The short-term solutions that get us through on a year-to-year basis all have been tried -- and tried. It's time for bipartisan hard work to bring California's long-term spending demands into balance with long-term revenues. It won't be easy, but the easy paths have been taken, and they've left the state awash in red ink.


Wingnut conservatives are calling on the Governor to declare a fiscal crisis. It's one of their own doing. When California could have eliminated the constant catastrophes of the budget process by restructuring the revenue offsets to services the population desires, instead the Governor floated a $15 billion dollar bond in 2004. The result is $3 billion a year extra in debt, every year, to repay the costs of a senseless short-term fix. If sound Republican budgeting means "put the problem off to children and grandchildren," then we've got a lot of sound budgeters in Sacramento:

On paper, it may look like spending has increased in recent years, but that is largely driven by the expiration of earlier budget-balancing tricks -- such as temporarily shifting school funding to local governments, shifting costs to special funds and the multibillion-dollar temporary cut to education.

There really haven't been significant program spending increases, with three exceptions: public safety, the result of various court cases regarding our prison system and implementation of "Jessica's Law" to track sex offenders; debt service, primarily the annual $3-billion payment on the $15-billion deficit bond; and local government funding, a result of the vehicle license fee cut because billions from that fee used to go to cities and counties.


Sacramento does not have a spending problem.
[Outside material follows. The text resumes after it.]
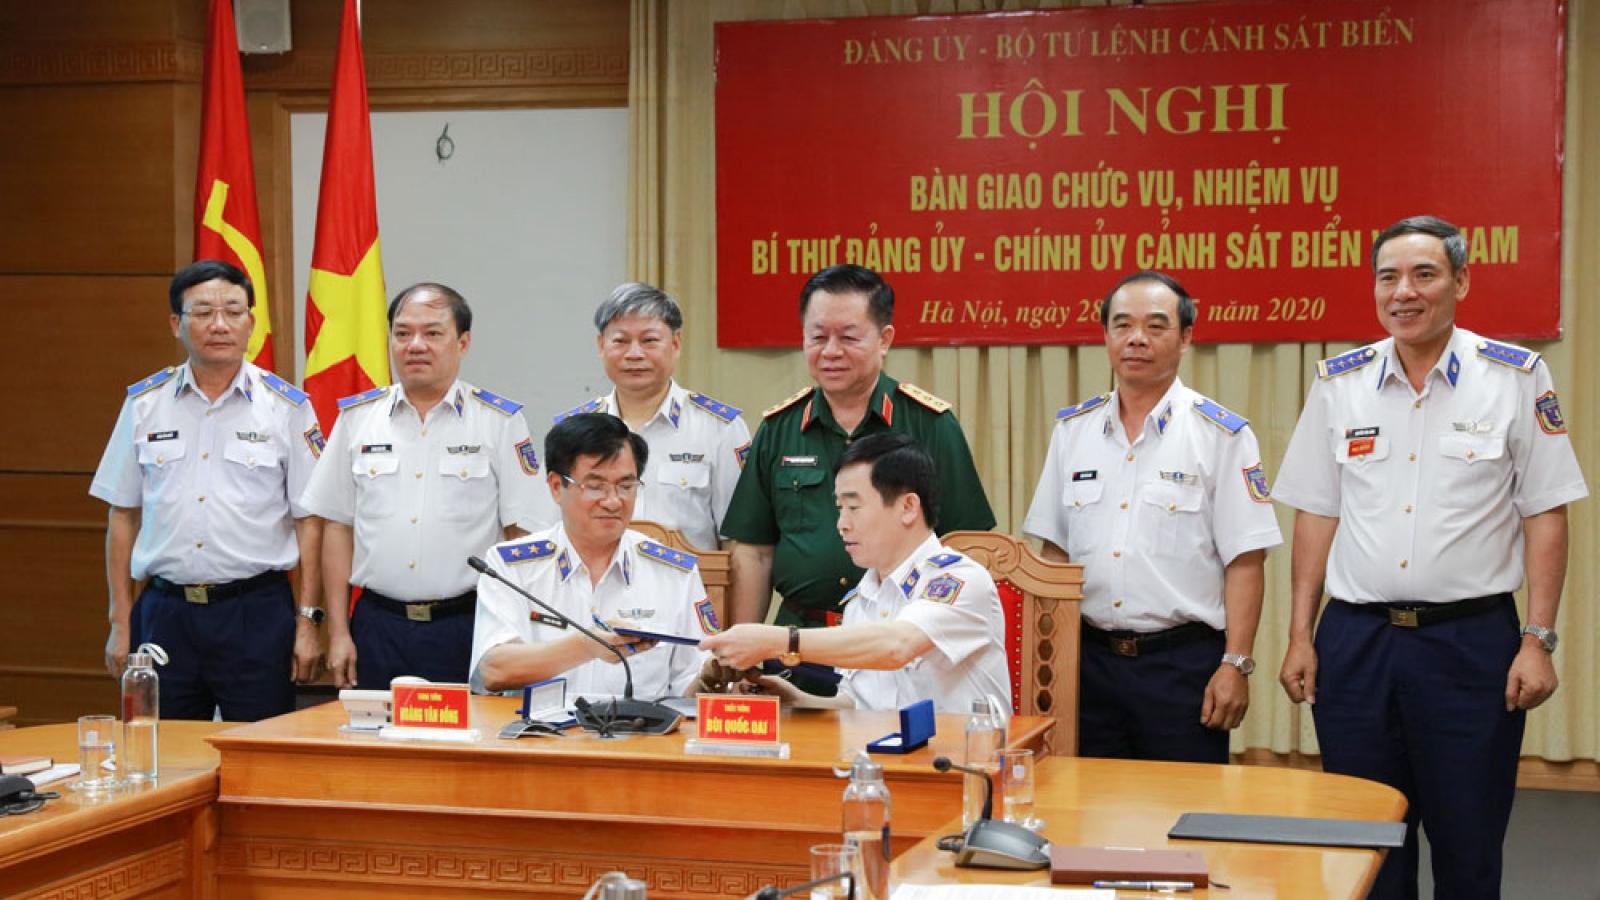 Bàn giao chức vụ, nhiệm vụ Chính ủy Cảnh sát biển

It has a denial-of-reality problem. The cuts are always accommodated in the state budget, like this year's delay of COLA (cost of living adjustments) for elderly public assistance, and the $1.3 billion in transportation funding. The revenue increases are always blocked. Stopgaps that run out and increases in population wipe out the cuts. We're left on an unsustainable track.

The state is rapidly headed toward bankruptcy if it continues down this stupid, temper-tantrum approach to the budget. if Arnold Schwarzenegger wants to leave a lasting legacy, and let's face it, that's all he wants to do, he can work hard to fix the structural problems that will always put the state's financial picture in peril. That would require sitting in his office and doing his job, not holding big speeches behind backdrops that say "The Year of the Tiger!" or whatever he's trying to peddle to the electorate.